Table 1 Results of Experiment 1: Mixed-effect model results
Fig. 2
figure 2

Estimated means from the regression analysis of Experiment 1.

Our data demonstrated a spatial compatibility effect on the up–down axis (responses to more sentences being faster to the up location, and responses to less sentences being faster to the down location), but not on the right–left axis. This result is consistent with our expectation that a reading task would elicit compatibility effects based on linguistic metaphors (more is up) and would not show compatibility effects on the non-metaphor-based right–left axis.

Experiment 2

Experiment 1 showed that the right–left axis is not automatically used to represent quantity information during language comprehension. It could be that use of the right–left axis was impeded by the right–left eye movements made while reading. The left-to-right movement associated with reading a passage induces a strong spatial bias (e.g., Chatterjee, Southwood, & Basilico, 1999; Dobel, Diesendruck, & Bölte, 2007; Maass & Russo, 2003; Spalek & Hammad, 2005) and could have interfered with use of the right–left axis during representation. In order to remove this problem, in the second experiment we presented sentences auditorily.

Method

A group of 128 undergraduates participated. The experiment was identical to Experiment 1, except for the auditory presentation of the sentences. Additionally, since the movement manipulation in Experiment 1 did not affect performance, only the nonmovement condition was run in Experiment 2. The participants pressed one of the buttons with their left hand to hear the sentence, and then pressed the other button with their right hand when they had finished listening. Halfway through the experiment, they switched their direction of responding. The order of directions was counterbalanced across participants. Sixty of the participants responded on the up–down axis, and the other 68 responded on the right–left axis.

Results and discussion

The data from Experiment 2 were prepared for analysis as in Experiment 1, with one exception; the data were trimmed using the difference between sentence length (in milliseconds) and the latency, instead of just the latencies. We again analyzed the response times with a mixed-model regression that included the variables sentence length (in milliseconds), axis (up–down or right–left), matching (match or mismatch), and the Axis × Match interaction.

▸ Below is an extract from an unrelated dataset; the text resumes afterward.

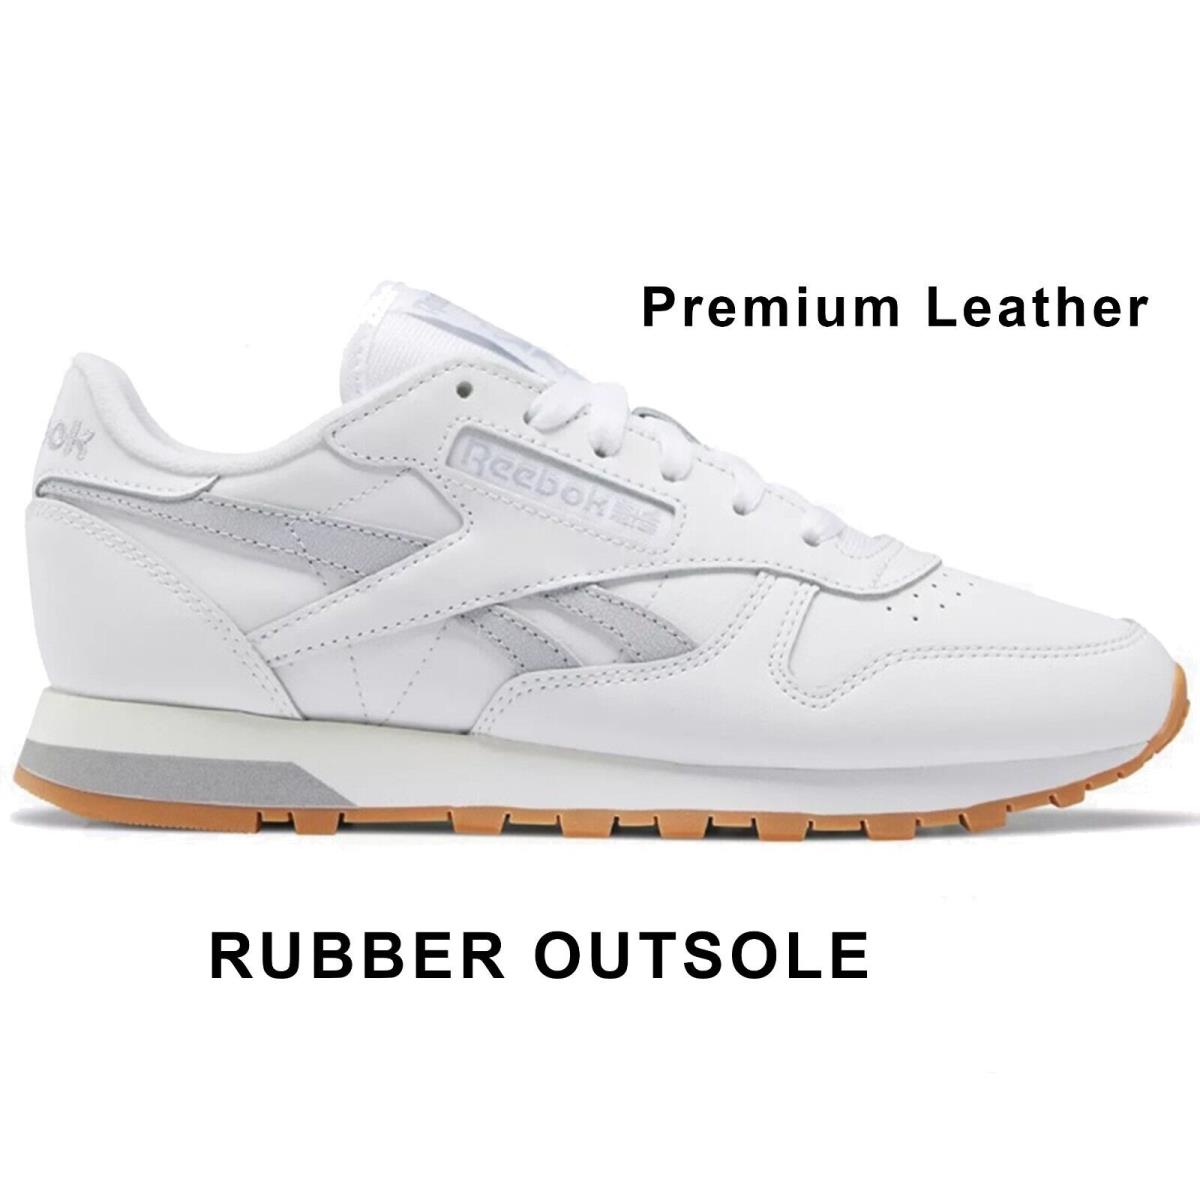 Reebok Women`s Classic Premium Leather Walking Training Shoes Breathable Lining

The results of the mixed-effects model are presented in Table 2. The Axis × Match interaction showed a pattern similar to that of Experiment 1 [t(2524) = −1.80, p = .072]. Follow-up analyses showed that matching responses were faster for the up–down axis [t(1209) = −1.989, p = .047] but not for the right–left axis [t(1291) = 0.621, p = .531] (see Fig. 3). Additionally, we found a main effect of direction in which down responses were faster than up responses on the up–down axis [t(1209) = 2.48, p = .013]. No other effects were significant.

Table 2 Results of Experiment 2: Mixed-effect model results
Fig. 3
figure 3

Estimated means from the regression analysis of Experiment 2.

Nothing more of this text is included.